Well you can't blame me. I haven't had a cycle since 2009, after all. And up until then I had been on birth control pretty much continuously (except during my failed birth control pregnancies). It appears to be all hormonal. Just like my lousy 13-year-old-boy skin, my occasionally wild fury, (Ah yes...that episode I didn't mention in Primm, Nevada when my kids refused to go to sleep and Ella figured out how to open the hotel room door...and I thought she was just going in and out of the bathroom in the middle of the night) and now the memory and auras and hunger and exhaustion (Zar had a few moments of terror thinking I might be pg again...) and maybe even my overuse of parenthesis.
So I'm probably not dying. Yes, my memory will probably continue to go as I age (don't forget, I am THIRTY now) and horrid migraines run in the family. I hope I get to keep my mind. And if I don't, at least I can find comfort in the fact I have been an avid journal-keeper since age 14, and blogger for the past couple years. In case I need a jog to the ole' memory. And if I forget to call you back, or thank you for the jam, or wear deodorant, I sincerely, sincerely apologize.

4 comments:

Allison said...

You're so funny. Ben and I get in huge arguments over what I insist I did and later find out I didn't. It's very aggravating to be so sure of yourself and know that a year ago, you would have been right because you were always right. But now...not so much. Boo for mommy brain...and pms. can't wait to hear more about your trip and see you in a few days!!

Niki said...

I think you have every right to claim Mommy Brain, PMS and grief for at least 5 years ;) Now, what's my excuse?! Love you!

Camilla Jones (CioCo Photography) said...
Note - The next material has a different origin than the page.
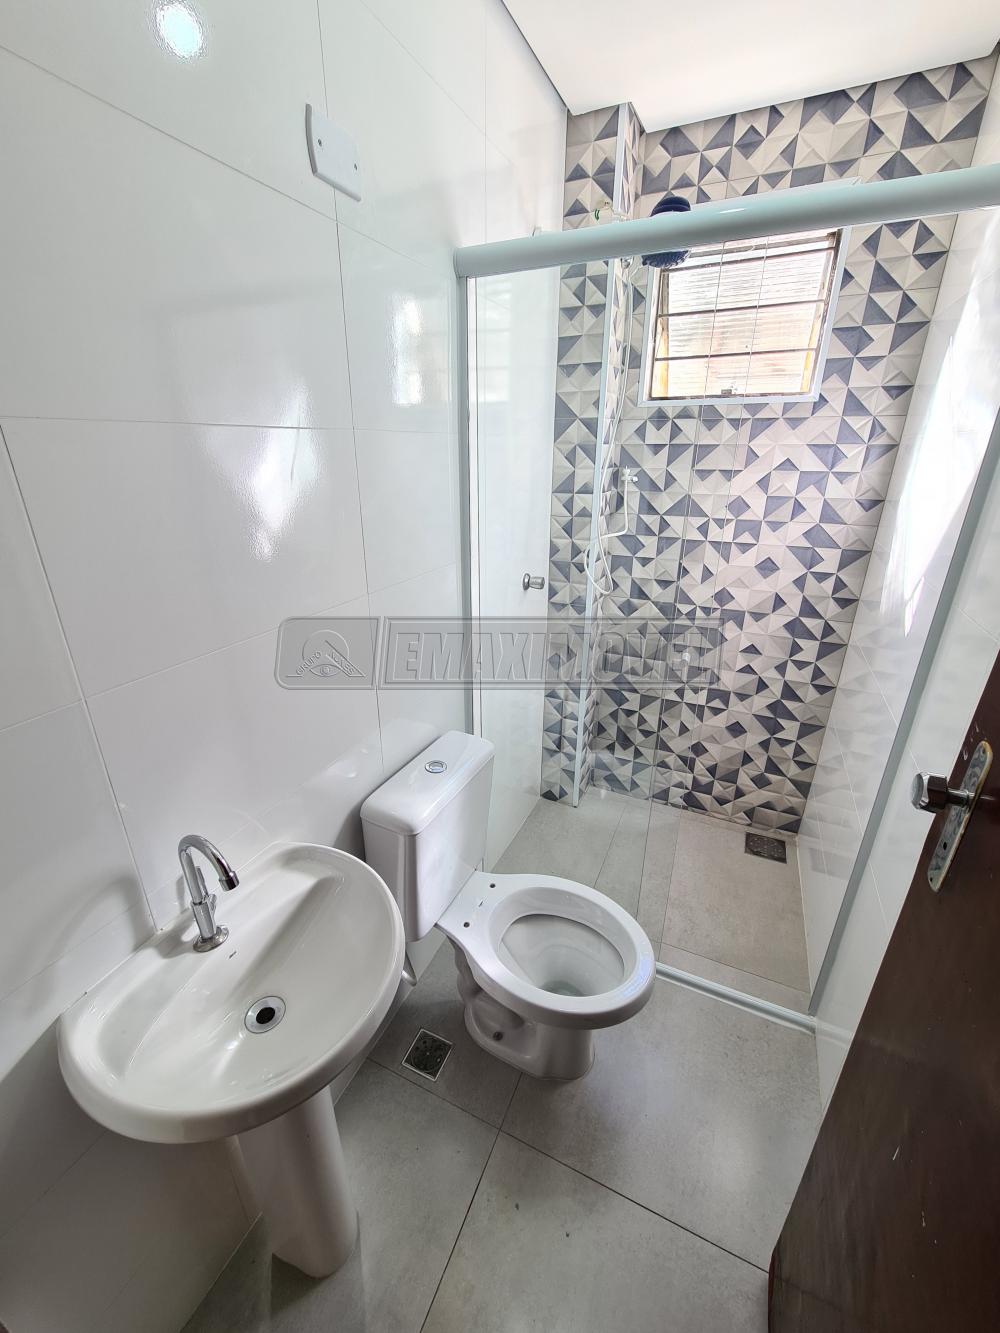 Alugar Apartamento / Padrão em Sorocaba R$ 1.100,00 - Foto 6

Thank you so much for your blog. I kind of want to just read it and never comment, but then I would be creepy stalking you and I'm sure that's not cool in the real world. ;) Your attitude and strength has helped me so much, thanks for your example and testimony.

A.J. and Tristen said...

i just wanted to tell you thank you for this post. i lost my daughter just the week before you lost your sweet lily. i was feeling this way and feeling like i was going crazy and then was encouraged by this. so thank you. i think you are so brave. i don't know how you have done this twice! what an amazing lady you are!

i can't remember if i have posted on here or not- as I have been following you for awhile.

thank you for writing your expereince!